Health & Conditions 🏥

The Mauxie is generally a healthy breed with few health concerns to look out for. However, these dogs are hybrids, which means they can inherit either of their parent’s health issues, including intervertebral disc disease (IVDD), diabetes, deafness, obesity, epilepsy, patellar luxation, and liver problems. Mauxies are also prone to shaker syndrome, cryptorchidism, reverse sneezing, glaucoma, cataracts, and reverse sneezing.

You’ll only manage to avoid these health threats if you buy your dog from reputable breeders and can access your dog’s parent breed medical history. Also, ensure that your dog has complete vaccination.

Minor Conditions
  • White dog shaker syndrome
  • Cataracts
  • Deafness
Serious Conditions
  • Cryptorchidism
  • Glaucoma
  • Patellar luxation
  • Reverse sneezing
  • Liver problems
  • Obesity
  • IVDD
  • Diabetes
  • Epilepsy

Male vs. Female

A Mauxie’s temperament depends on the dog’s upbringing, training, and inherited traits and not sex. The only way to find the best dog is to let them pick you. Try spending time with the litter you are interested in; it’s impossible not to fall for a particular puppy!

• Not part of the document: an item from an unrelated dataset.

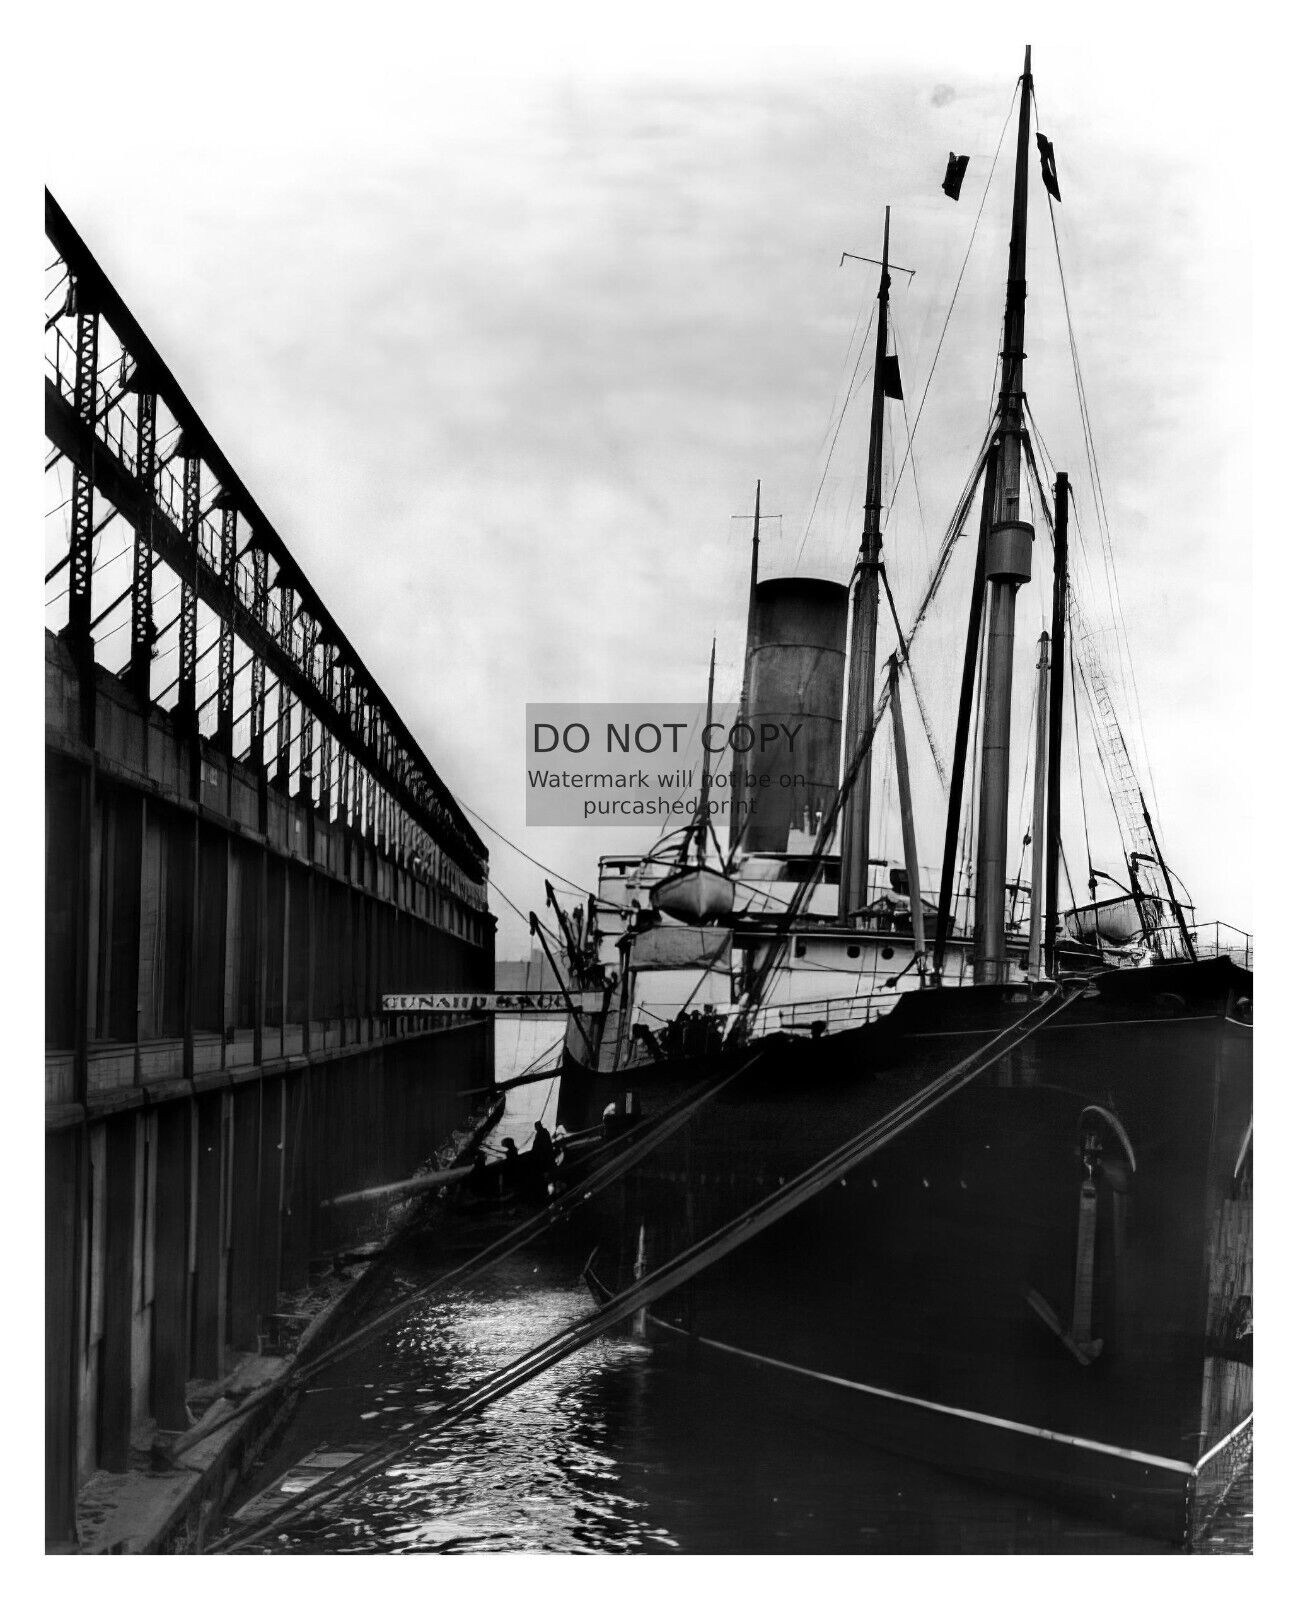 SS CARPATHIA RESCUE SHIP AT DOCK AFTER RMS TITANIC DISASTER TRAGEDY 8X10 PHOTO
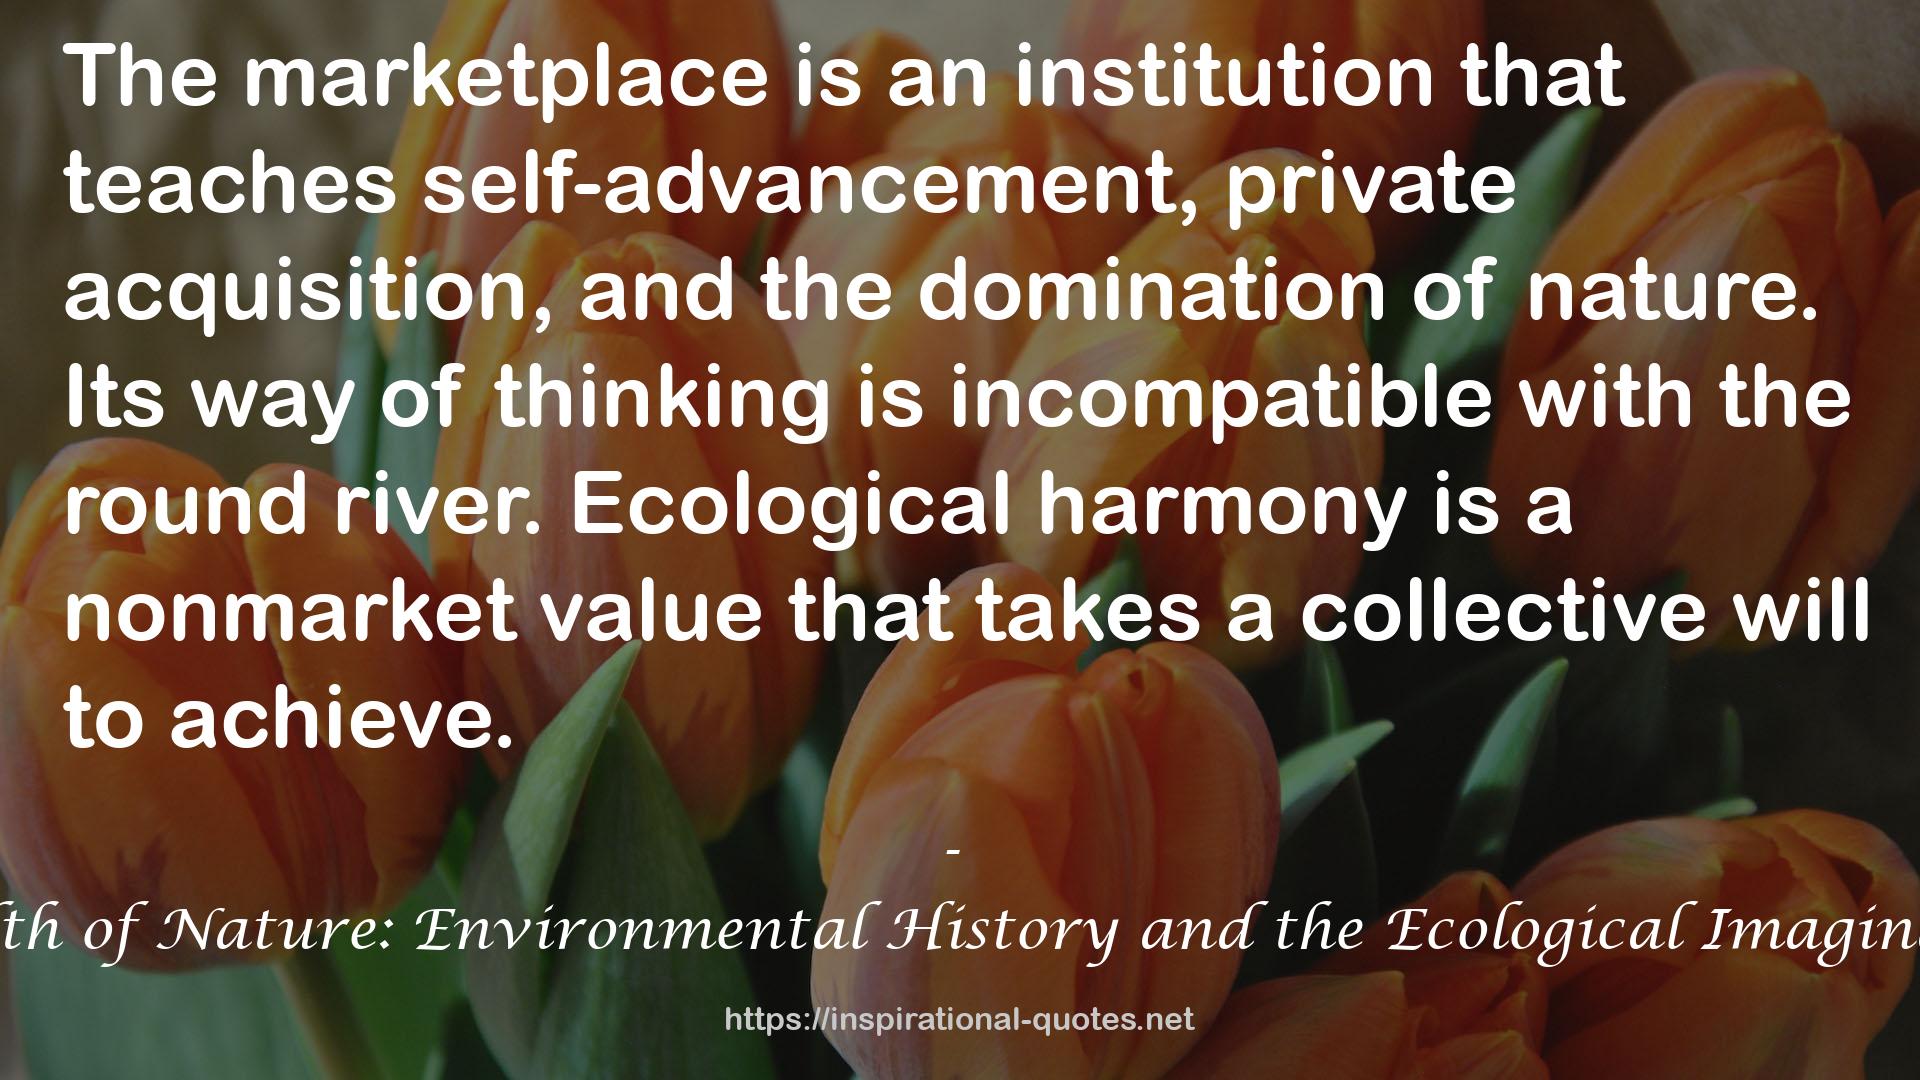 Wealth of Nature: Environmental History and the Ecological Imagination QUOTES

3 Little-Known Facts About the Mauxie

1. Mauxies Are Registered Hybrid Dogs

The American Kennel Club only recognizes purebreds, so it’s the only place that you won’t find the hybrid Mauxie. However, many other bodies, including the Designer Dogs Kennel Club, the Dog Registry of America, and the Designer Breed Registry, gladly recognize this breed.

You can find this dog highlighted by the American Canine Hybrid Club and the International Designer Canine Registry too.

2. Their Parent Breeds Are Among the Most Ancient

This dog’s Maltese heritage dates back up to 8,000 years! Archived reports place this breed in Italy, Egypt, Greece, and even Malta, where they get their name.

The Maltese was among the first breeds to grace New York’s first Westminster show in 1877. They’re also among the top 50 breeds registered by the American Kennel Club, recognized as the 42nd breed in 1888.

Dachshunds might not be as ancient as the Maltese, but they are still an old breed, starting in Germany over 600 years ago. The American Kennel Club featured them in its registry in 1885.

3. You Can Never Be Sure of This Dog’s Size and Temperament

Mauxies are hybrids, which means you can never predict which parent breed they’ll take after.

Hybrid puppies are a little more variable, unlike purebreds. You can find part of the litter resembling their Maltese parent, and the other siblings take after the Dachshund parent.

Your dog might combine the best traits from either parent. For instance, you can end up with a pup with a Maltese’s appearance but a Dachshund’s temperament and vice versa.


Final Thoughts

If you enjoy a pet with some individuality and spirit, find a Mauxie. These dogs might be small, but they certainly pack loads of personality.

Do ensure that you socialize them early and train them to your liking. Their tendency to snap is something you should be ready for just in case.